Wednesday, 5 March 2014

The Quotable Time Patrol III

Poul Anderson, Time Patrol (New York, 2006); The Shield Of Time (New York, 1991).

The proposed "Quotable Time Patrol" volume would need a mythological section:

"By day Niaerdh roamed among the seals and whales and fish she had made." (TP, p. 467)

"Out of the east, the morning behind them, rode the Anses into the world." (TP, p. 557)

"Niaerdh was in [the waves] with dread and blessing." (TP, p. 583)

"Pure as yourself, your evenstar shines above the sunset. Guide us by your light...Ave Stella Maris!" (TP, p. 640)

The volume would need to illustrate these quotations with images of a sea goddess, a sky pantheon and the Mother of God. The goddess and God's Mother share the evening star.

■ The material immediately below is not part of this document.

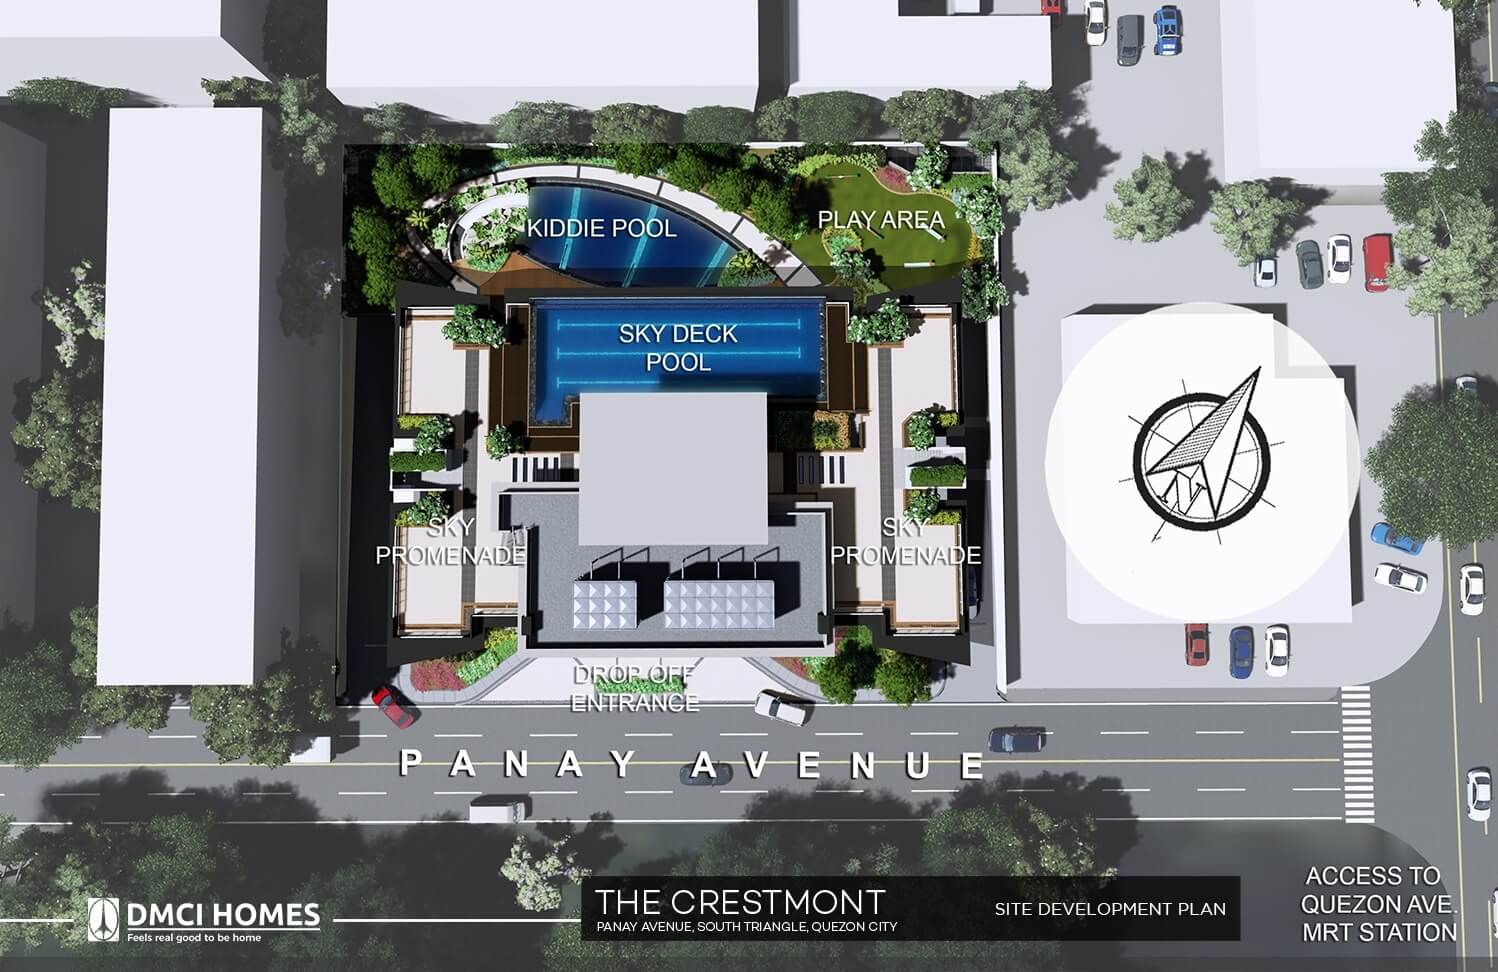 The Cresmont Development Plan

"'...think of the countless world lines intermeshed throughout the continuum as a spiderweb. A touch on one strand trembles through many...There are occasions when we know only that the web is troubled, not where or when the source of the disturbance lies; for that source perhaps does not exist in our yet, our reality. We can only try to trace it back up through the threads -' He broke off." (ST, p. 135)

Dramatically, that is an appropriate place to break off. How creative to use the word "...yet..." as a noun. If the Patrol traces a disturbance through the threads and does not break off, then the most that they can find is an apparently uncaused event, which could be the arrival of a time traveler who has set off neither from any moment earlier than his arrival nor from any moment later than it. He is from another yet.

In the Upanishads, a spider and his web are one image for the Absolute and the universe so this quotation, appropriately illustrated, might also belong in the mythological section.